Our Families Are Teachers

January 21st, 2025 by Dave Leave a reply »

Spiritual teacher Mirabai Starr considers how our imperfect families and relationships are opportunities to practice divine love, acceptance, and compassion: 

It’s hard to give up our fantasies of a life where beauty is built in and we don’t have to work at finding it. It’s easy to recognize the presence of the sacred in the saintly hospice chaplain who turns your mother’s deathbed into a temple…. But what about your boring job, your addicted partner, your hometown that feels more like a strip mall than a community? What about your dining room table at dinner time?  

One of the things it means to be an ordinary mystic is to bow at the feet of your everyday existence, with its disappointments and dramas, its peaceful mornings and luminous nights, and to honor yourself just as you are…. A mystic finds the magic in the midst of the nitty-gritty, the crusty spaghetti sauce pot in the sink and the crocus poking out of a spring snowfall, the unsigned divorce papers on the kitchen table and the results of your latest blood work on your computer screen.  

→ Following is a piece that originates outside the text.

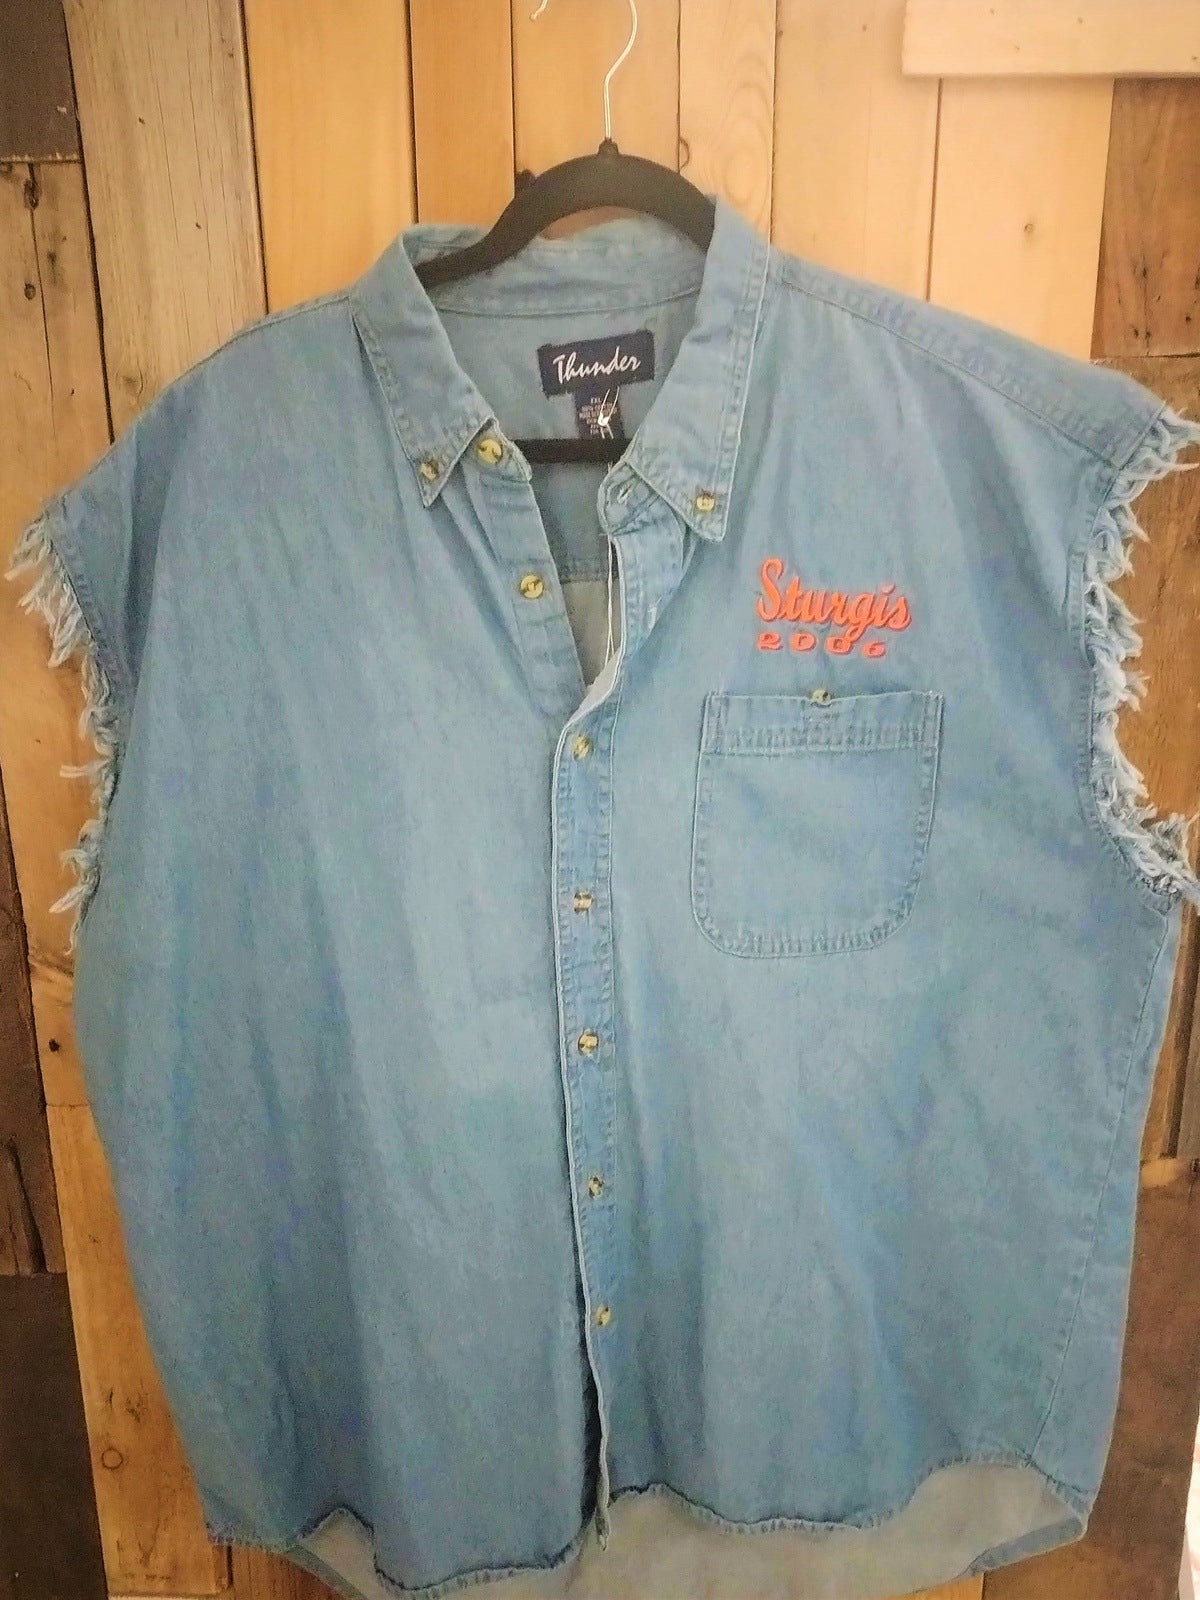 Sturgis 2006 Sleeveless Button Up Shirt Size XXL

I know that’s not always easy. I am continually challenged to stop arguing with reality and instead soften into what is. For instance, my students may think I’m wise, but my kids seem to think I’m a dork. I don’t love this disconnect. Like you, maybe, I set myself up with an array of preconceived notions about the kind of family I would like to make, and then beat … myself [up] when things don’t work out the way I envisioned. 

Through accepting reality, we find a greater capacity to love what is.  

Over time, I learned to let go of my fantasy of the perfect family and to find beauty, meaning, and wholeness in the heart of reality. Unpredictable, ever-changing, humiliating, and humbling reality. I began to take a look at the white supremacy embedded in my liberal self-image, noticing the odor of a white savior complex rising from my resentment that my brown children did not appreciate all I had done for them. Eventually, I even came to love unlovable me, against all odds.  

Chances are, if you are a parent, whether adoptive or biological, you too have experienced the collapse of your parenting fantasies. You also have received an open invitation to accept the kids you have and forgive the parent you are, with a degree of humility bordering on humiliation and a dash of humor that can sometimes carry maniacal overtones…. 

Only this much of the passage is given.